Yang jelas saya sangat bersyukur karena berhasil mendapatkan ilmu langsung dari penulis skenario yang saya kagumi itu. Di sini naskah saya nggak lolos masuk 20 besar, karena setelah saya analisis kembali outline naskah yang saya buat memang terlampau KLISE. Padahal saya memiliki naskah yang sangat absurd dan ke-TWIST-annya lumayan absurd pula, saya agak nyesel kenapa nggak pake naskah itu.

Pintu Masuk ke Festival


Tapi, yasudahlah, tahun depan masih ada kesempatan. Dan saya akan mengikutinya lagi (berusaha menghibur diri sendiri hihi).

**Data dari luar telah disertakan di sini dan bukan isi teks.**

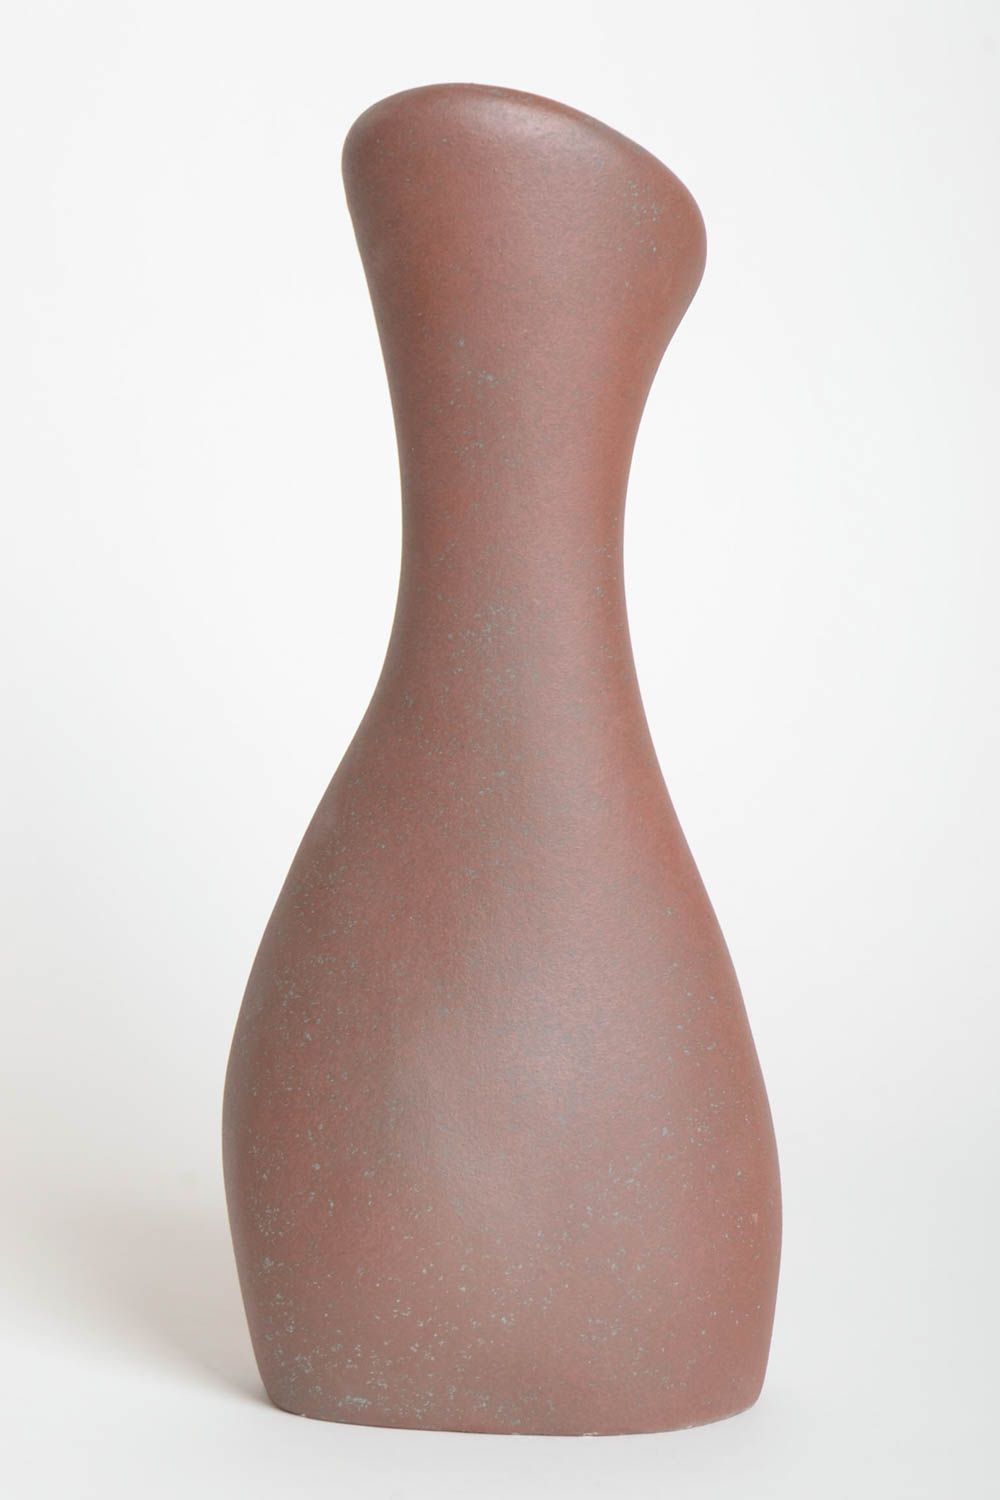 Эксклюзивный предмет интерьера ручной работы керамическая ваза для цветов фото 4

            Tahun depan kalau nggak ikut yang di wilayah Bandung, Jakarta pun bakal saya jabanin. Mencari ilmu itu bukan hanya di tempat kuliah, Guys. Tetapi kalian bisa dapatkan di mana saja, dan kalian bukan menunggu ilmu itu datang ke kalian sendiri. Kalian harus mencarinya….
            Oh ya, saya mendapatkan kata-kata bagus dari L.A. Lights Indie Movie Festival ini: à Movie Maker not follow trend, they START them.